Assignment 4 - Renaissance in India: A Spiritual Study

This assignment is a part of internal evaluation of student's academic activity in the Department of English, MK Bhavnagar University. Here is my assignment.

Name: Rohit Vyas
Class: Semester 1
Roll No: 29
PG Enrolment Number: 2069108420200041
E-mail: rohitvyas277@gmail.com
Course: M.A. English, at Department of English, M.K. Bhavnagar University
Paper 4 - Indian Writing in English 1, Unit 3
Submitted to: Dr. Dilip Barad


Renaissance in India: A Spiritual Study

Spirituality

There is a very thin line between spirituality and religion. Anything which reminds us of God is religion, and whichever thing connects with our self and spirit is spirituality. In other words we can say that doing meditation through which our sprit gets rejuvenated, is called spirituality. This varies from person to person but spirituality is such a thing which one cannot even deny, because it goes with us unknowingly. If we are thinking on a particular subject and we have total focus on it; it becomes spiritual. Any thought or idea, elaborated to its utmost extent, can be called spirituality. Human can be misguided through outer sources of information or data, but what comes from within, means conscience, and is spiritual.

India through Aurobindo’s Eyes

Is India civilized? The very question might be arising in every learned man’s mind. Aurobindo thinks about India in different way. For him Spirituality is such a thing that one can rely on its all manners. In his words if we see:

“Spirituality is the master key of the Indian mind. It is this dominant inclination of India which gives character to all the expressions of her culture. In fact, they have grown out of her inborn spiritual tendency of which her religion is a natural out flowering.
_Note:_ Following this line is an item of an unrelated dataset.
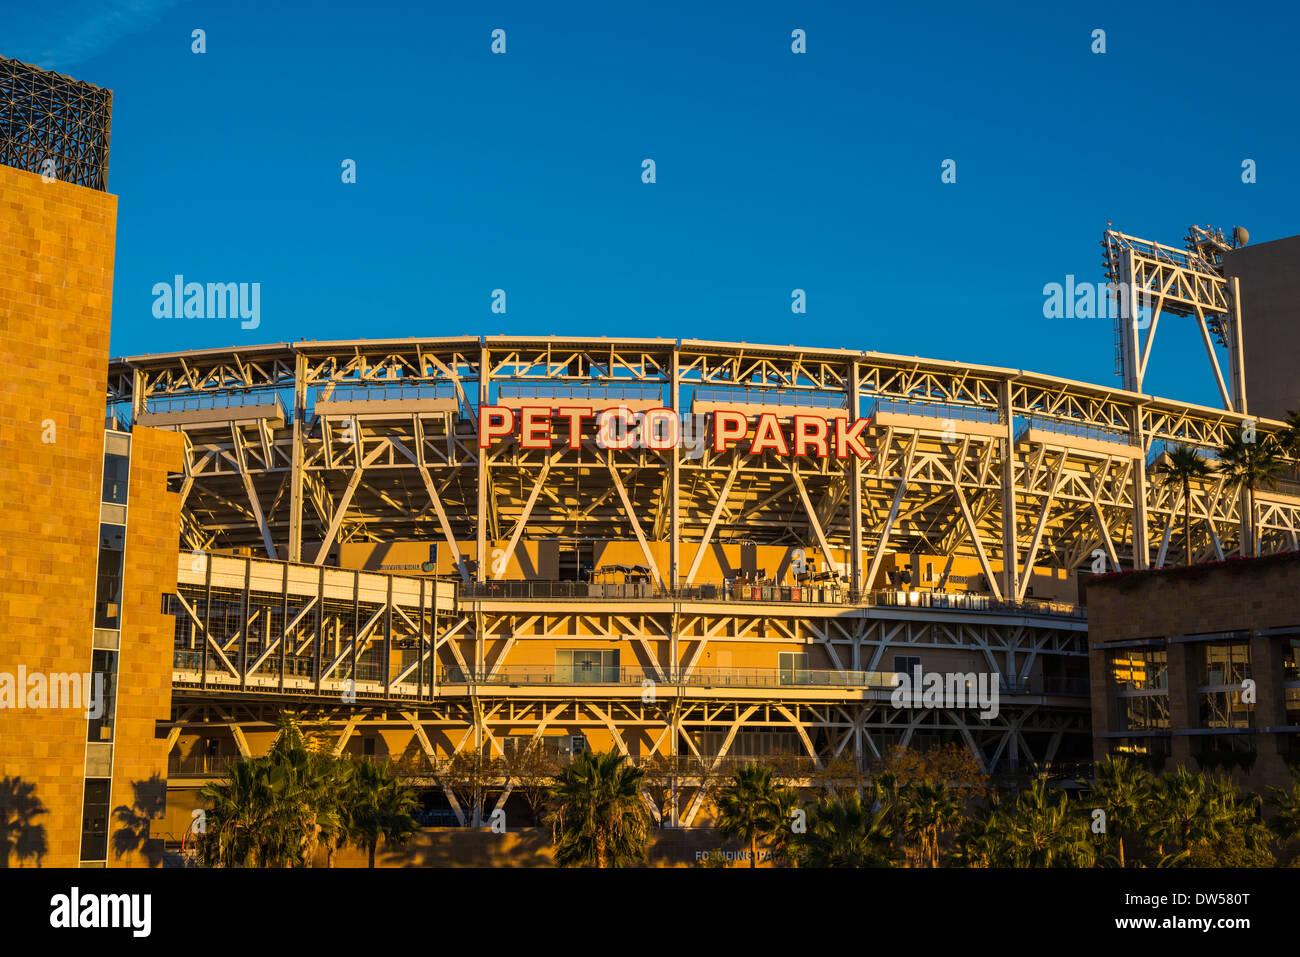 Petco Park. San Diego, California, United States. - Stock Image

The Indian mind has always realized that the Supreme is the Infinite and perceived that to the soul in Nature the Infinite must always present itself in an infinite variety of aspects. The aggressive and quite illogical idea of a single religion for all mankind, a religion universal by the very force of its narrowness, one set of dogmas, one cult, one system of ceremonies, one ecclesiastical ordinance, one array of prohibitions and injunctions which all minds must accept on peril of persecution by men and spiritual rejection or eternal punishment by God, that grotesque creation of human unreason which has been the parent of so much intolerance, cruelty and obscurantism and aggressive fanaticism, has never been able to take firm hold of the Indian mentality.”

Here are some examples of Karma which directly connects us to our spiritual self.
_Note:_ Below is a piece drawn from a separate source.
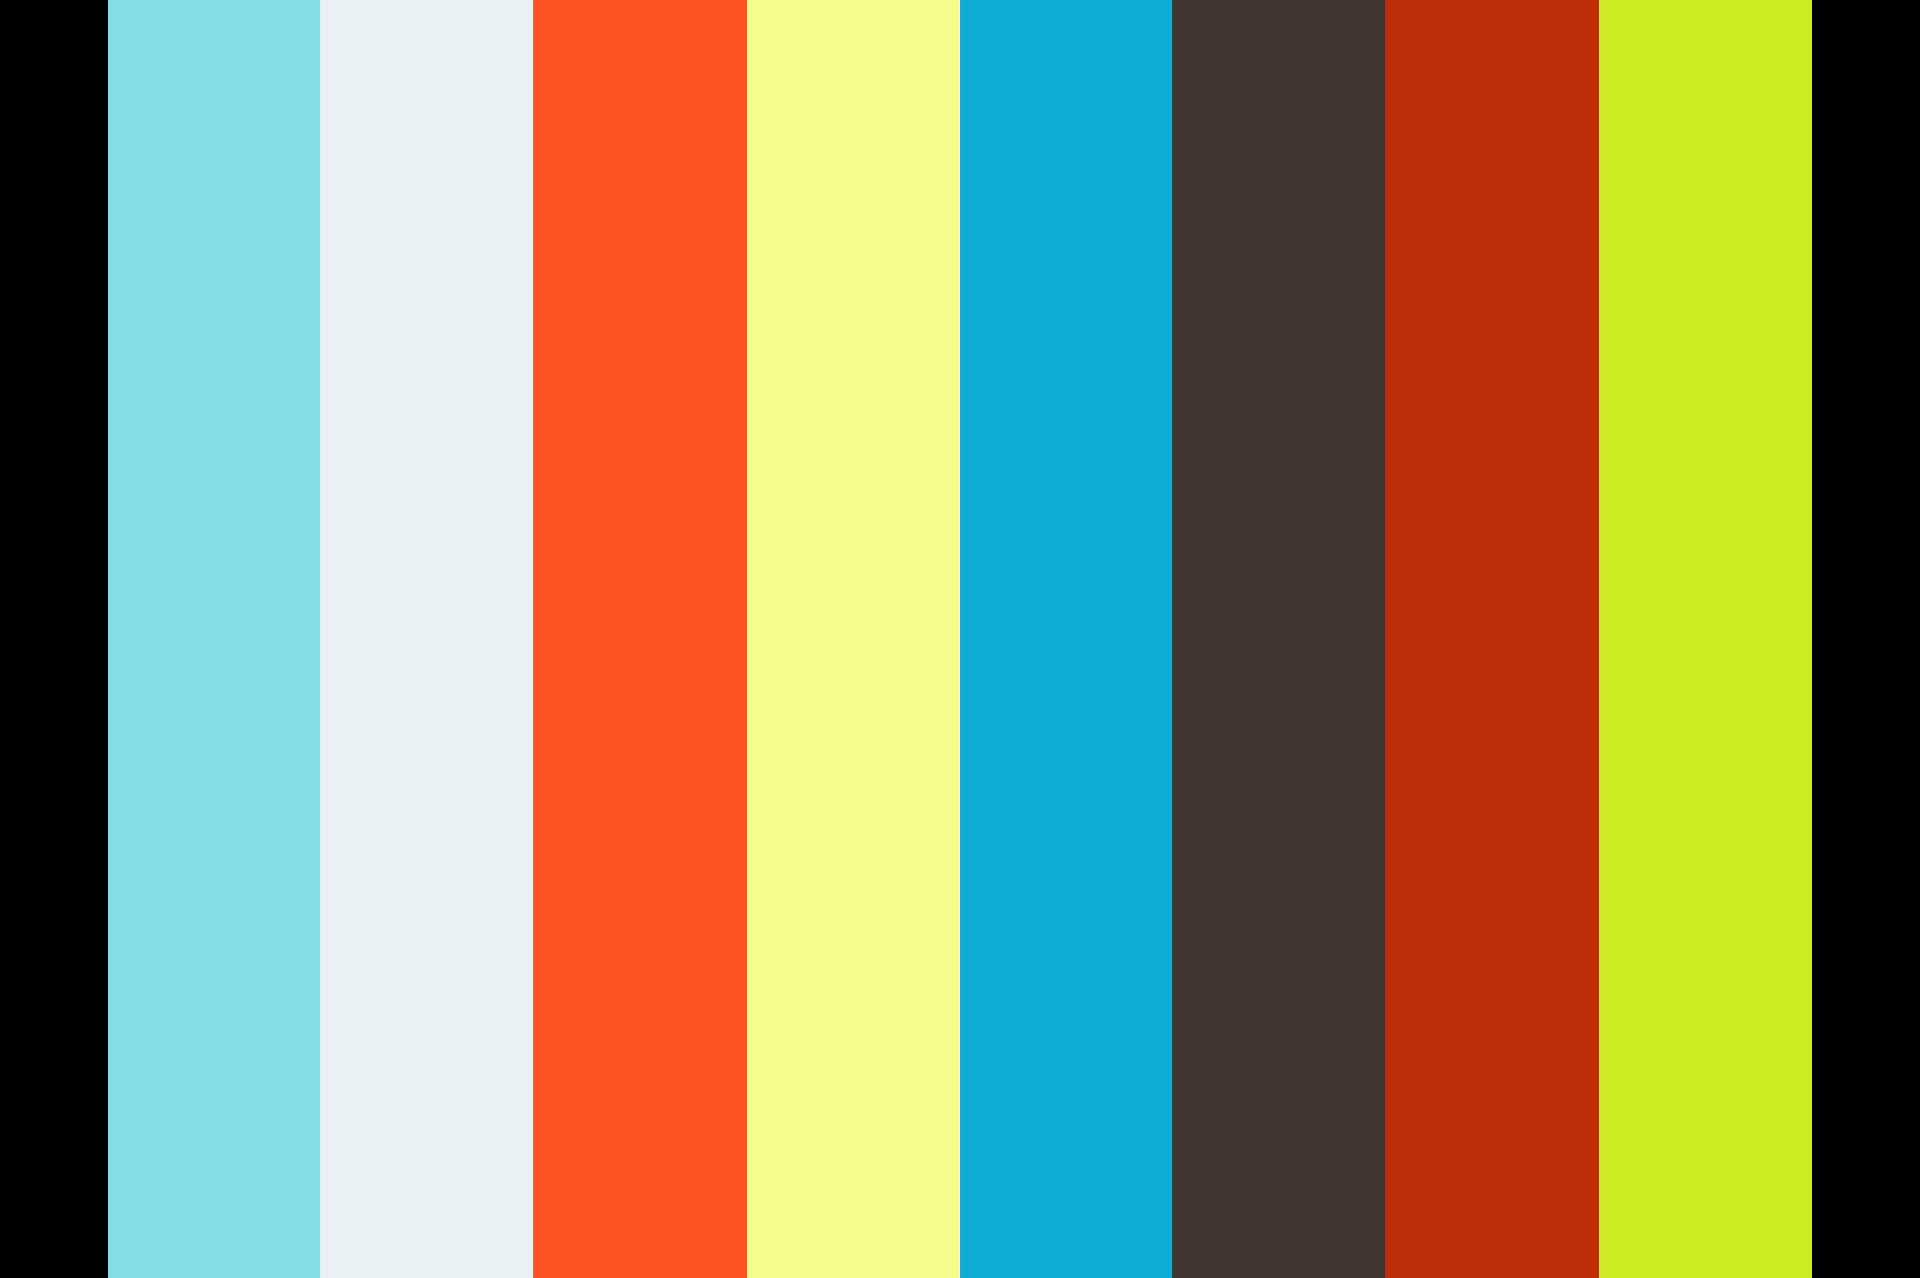 fallback-no-image-2129

Spiritual Spirit Develops through our Karma

Hate not the oppressor; for, if he is strong, thy hate increases his force of resistance; if he is weak, thy hate was needless.

Very usually, altruism is only the sublimest form of selfishness.
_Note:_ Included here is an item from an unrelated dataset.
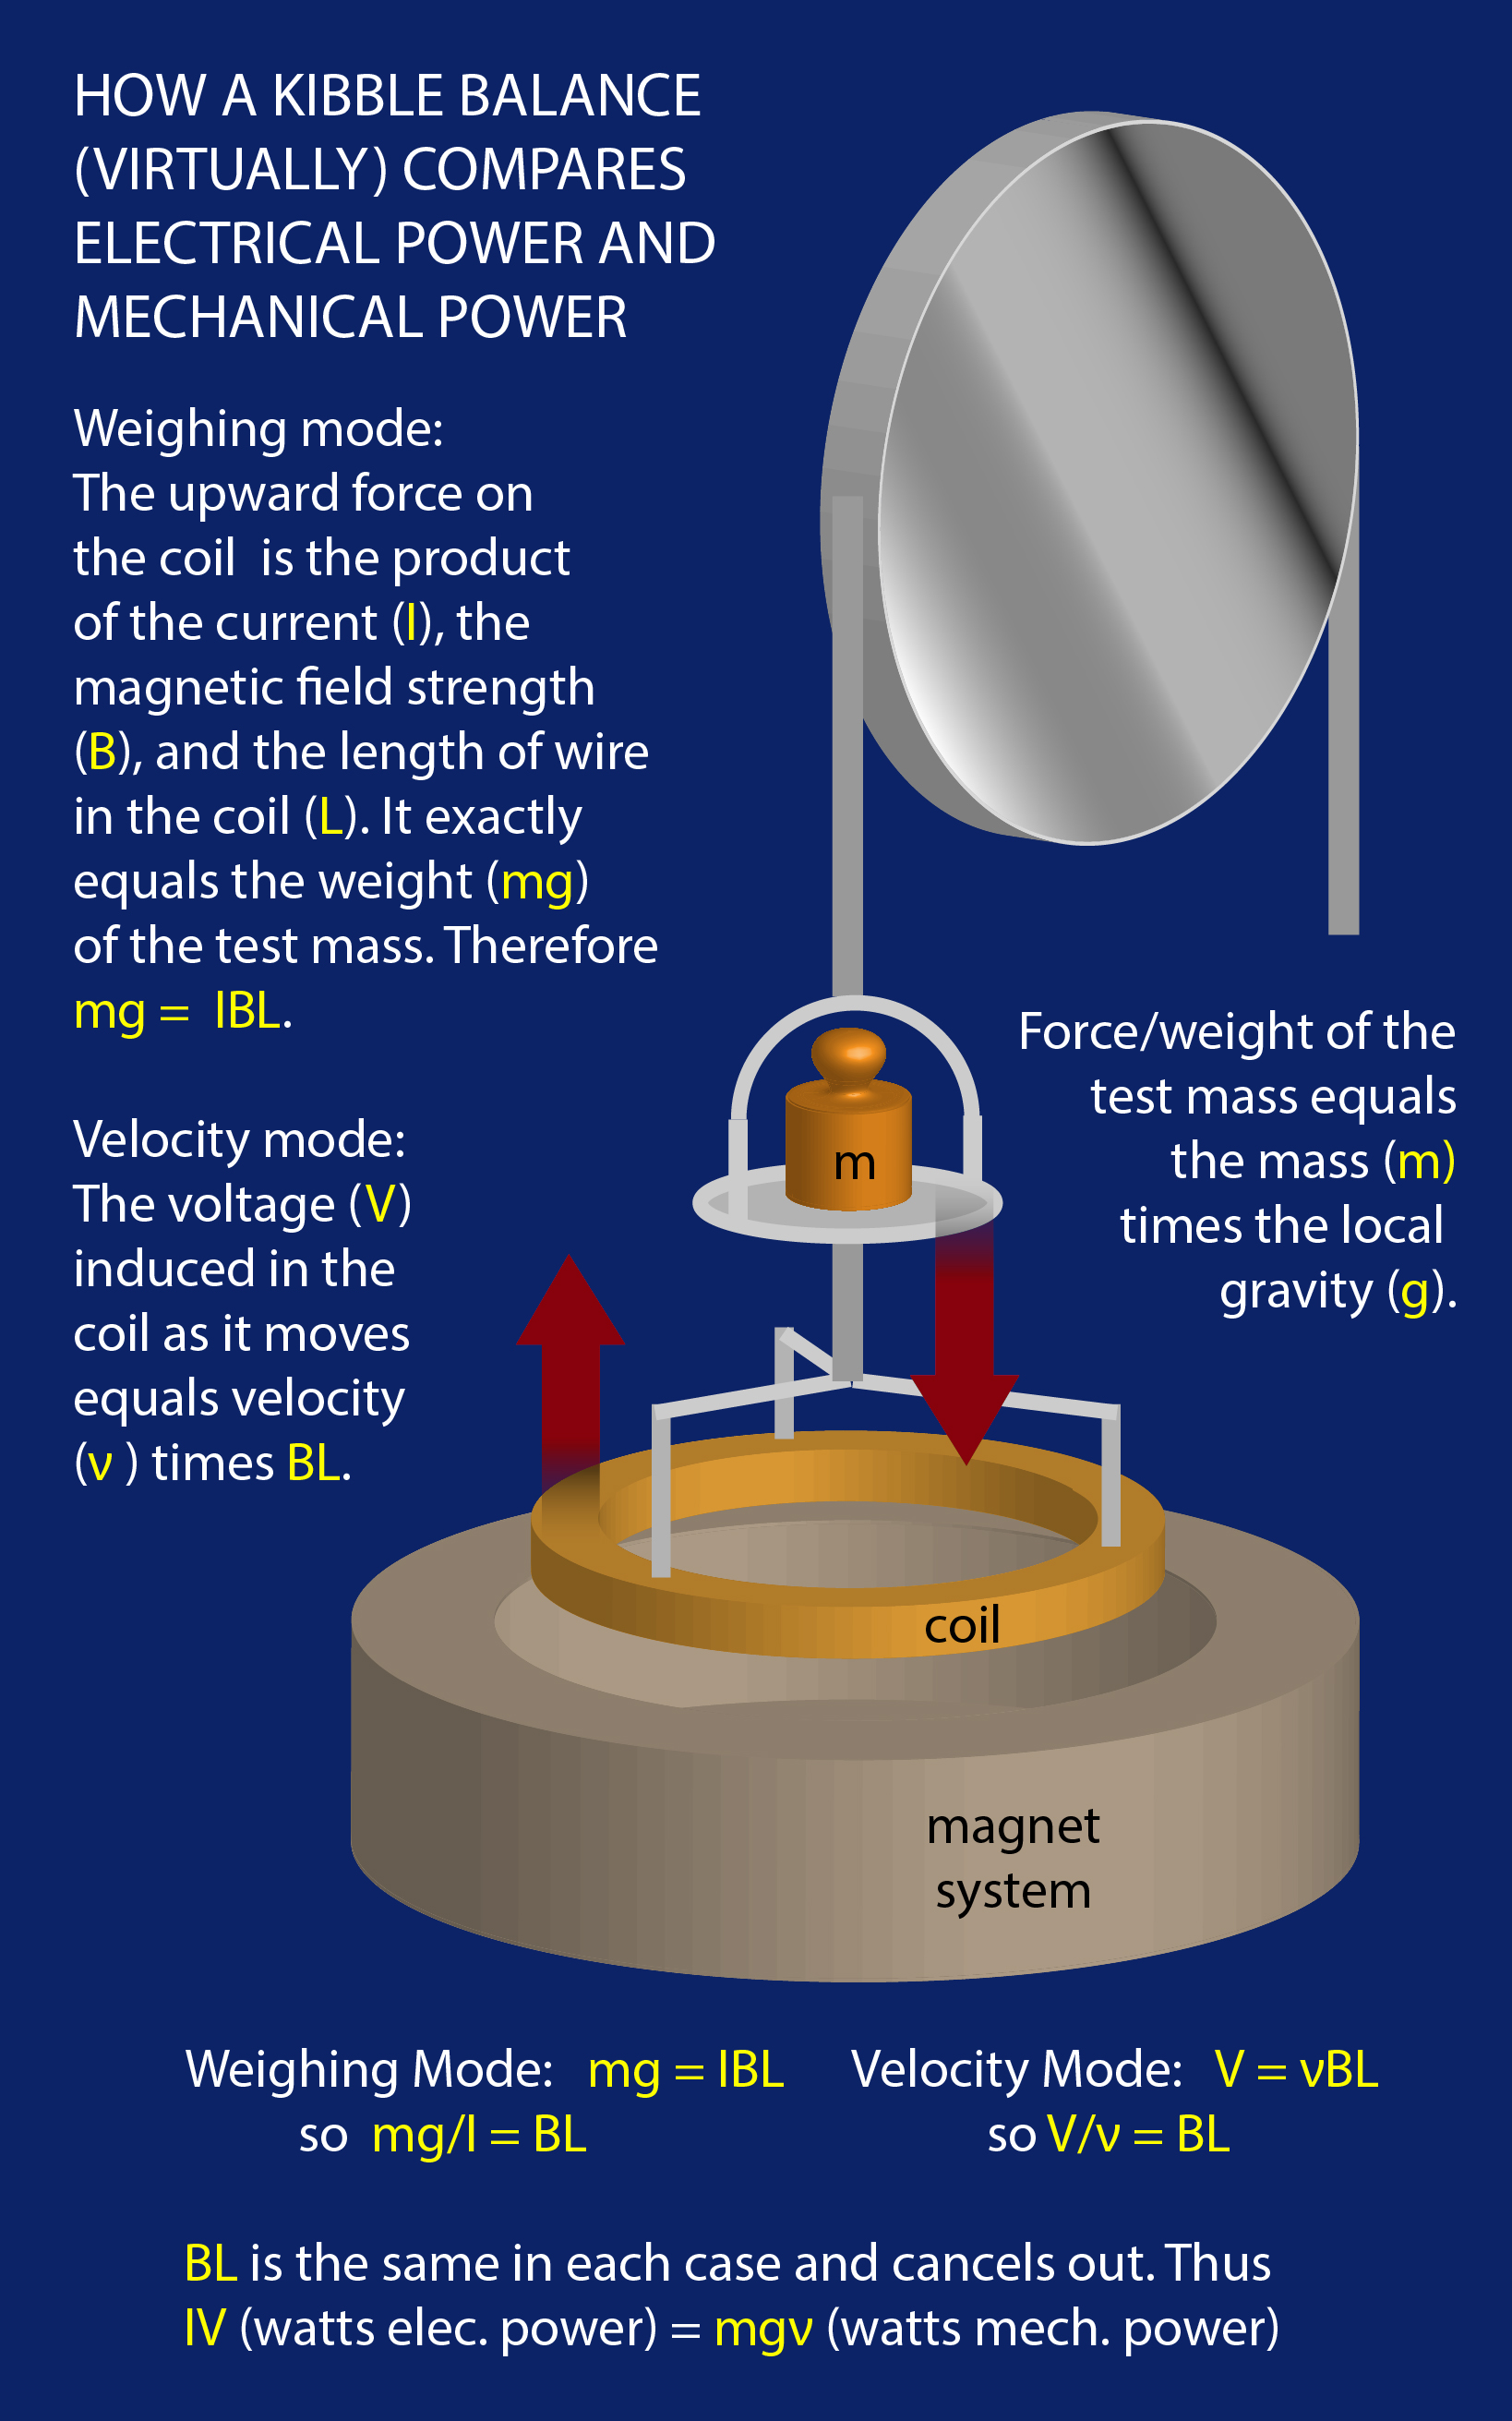 Kilogram: The Kibble Balance | NIST

Revolutions hew the past to pieces and cast it into a cauldron, but what has emerged is the old Aeson with a new visage.

Suffer yourself to be tempted within so that you may exhaust in the struggle your downward propensities.

If thou think defeat is the end of thee, then go not forth to fight, even though thou be the stronger. For Fate is not purchased by any man nor is Power bound over to her possessors. But defeat is not the end; it is only a gate or a beginning.

I have failed, thou sayest. Say rather that God is circling about towards His object.

If thy aim be great and thy means small, still act; for by action alone these can increase to thee.

Care not for time and success. Act out thy part, whether it be to fail or to prosper.

He, who would win high spiritual degrees, must pass endless tests and examinations. But most are anxious only to bribe the examiner.

Indian religion has always felt that since the minds, the temperaments and the intellectual affinities of men are unlimited in their variety, a perfect liberty of thought and of worship must be allowed to the individual in his approach to the Infinite.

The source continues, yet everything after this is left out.